Для тестирования подготовлен прототип эксплоита (https://www.openwall.com/lists/oss-security/2018/10/17/5). Уязвимость проявляется только в приложениях, работающих в режиме сервера (очень редкая ситуация, так как libssh в основном используется для создания SSH-клиентов). Исключение составляет продукт GitHub Enterprise, в котором libssh также применяется и в режиме сервера. Но GitHub Enterprise не подвержен уязвимости (https://twitter.com/GitHubSecurity/status/1052358402842746880) так как использует собственный форк Libssh в котором задействованы собственные процедуры прохождения аутентификации.
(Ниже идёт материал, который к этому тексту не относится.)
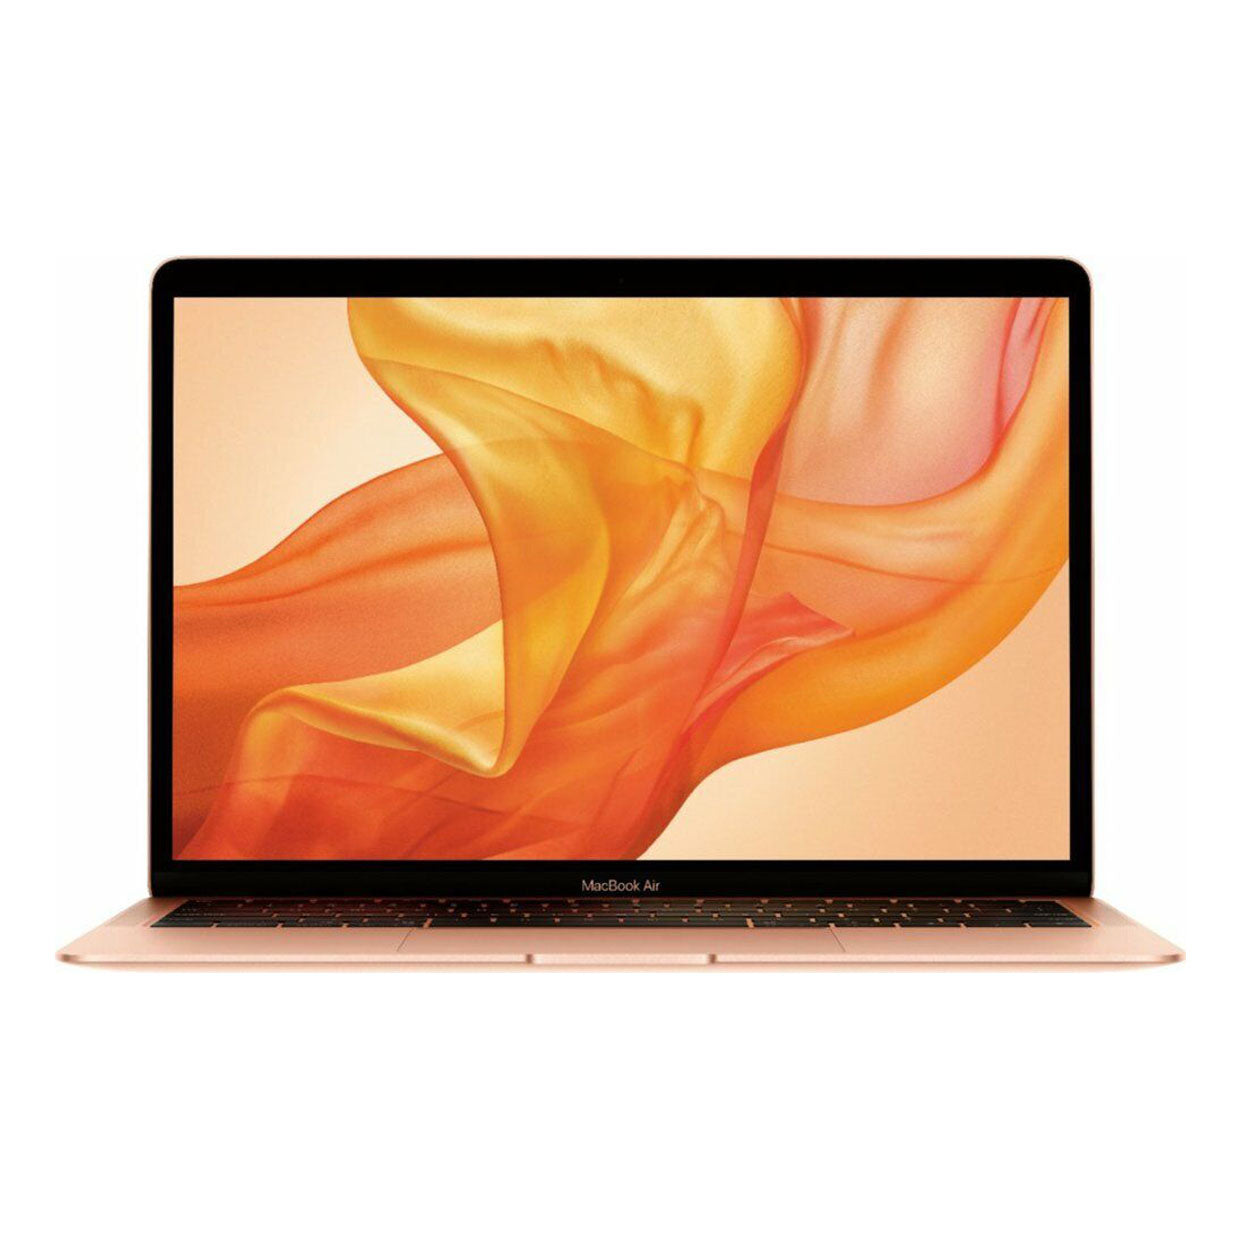 Apple Macbook Air | MWTL2 | CORE i3 |8GB RAM |256GB SSD

URL: https://www.openwall.com/lists/oss-security/2018/10/16/1
Новость: https://www.opennet.me/opennews/art.shtml?num=49453
Прежде чем паникеры разорвутся - openssh тут не причём
А было бы очень эпично :)
Пакеты Debian юзающие libssh: qtwebengine-opensource-src, nbdkit, gst-libav1.0,
ffmpeg, curl, vlc, doublecmd, libssh, ssh-audit, wireshark.В общем хрень, в основном используется для sftp-клиентов.
где в списке plex?
Так речь не про неё. Из того, что я нашёл, вот это довольно критично:kde-apps/kio-extras-18.08.2 (sftp ? net-libs/libssh[sftp])
От ssh2 зависят mc и qemu с ssh (никогда не использовал), и захардкожена как зависимость в расте. Но опять же, она тут ни при чём, там и нумерация версий другая. Не перепутаешь.
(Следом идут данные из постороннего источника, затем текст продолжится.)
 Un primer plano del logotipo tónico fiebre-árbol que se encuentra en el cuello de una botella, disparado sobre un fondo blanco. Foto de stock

> Так речь не про неё.fixed // regex корявенько натравил.
Не совсем правда, ведь специально можно собрать openssh с libssh
https://www.shodan.io/search?query=libssh
не много. и в основном в штатах. Эпичненько.
Сезам - откройся!
https://i.ytimg.com/vi/94F5S75ybSI/maxresdefault.jpg
а вообще кто нибудь видел вживую в консоли такое окошко "ACCESS GRANTED" ?
Я видел в фильмах
Читать то умеешь ?
спросил же - вживую
в фильмах еще не то бывает ...
Он что, мёртвый фильмы смотрел?
Причем оно должно быть обязательно мигающим и с 3D-эффектом.
> Причем оно должно быть обязательно мигающим и с 3D-эффектом.Ну так положите уже гламурную ANSI "картинку" в motd. Этим баяном еще на BBSках народ развлекался, а вы до сих пор тупите.
причем тут motd? Мало ли какой муры туда понапихали, картинка должна всплывать поверх нее. Оно должно выводиться pam'ом из session. Там коллбэк вообще-то предусмотрен, то есть, в принципе, написать можно.
Я видел неоднократно. Но это потому, что я его туда сам и нарисовал. Когда время есть, люблю в скритпы подобавлять эстетики в духе фильмов про хакеров. Работает точно так же, но в экран смотреть намного приятнее.
Очень похоже на хороший бекдорчик с 2014 года. Кто запатчил соответствующие строки?
Зачем бэкдорить libssh, которою используют полторы калеки, когда в каждый дистрибутив линукса и бзд-ы уже установлен универсальный бекдор под названием OpenSSL?
Посмотрите вот на это
https://www.openssl.org/news/vulnerabilities.html
Страница за страницей "уязвимостей" одна хуже(лучше-cia гарантирует) другой.
Кто этот код пишет что в нем столько дыр, генератор случайных чисел?
Тут уже были умники, которые решили "А напишем мы свой *SSL, простой и без багов". В результате так же, стабильно раз в пол года садятся в лужу.
Вывод: Дырок нет лишь там, где их не ищут.
Вывод неправильный.
Что, конечно, не удивительно для утопленика.
о, дартаньяны-теоретики в треде
Там все же одна критическая на десятилетие и то в одной версии. Остальное всё мелочи.
Просто такая тупая бага, как в сабже, напоминает еще в мускуле багу, которую нашли через 10 лет спустя - тоже в авторизации и без пароля. Ну извините, но это же школонизм. Нужно начинать с основ, чем пилить что-то сложное далее. Поэтому и похоже на искусственный бэкдорчик.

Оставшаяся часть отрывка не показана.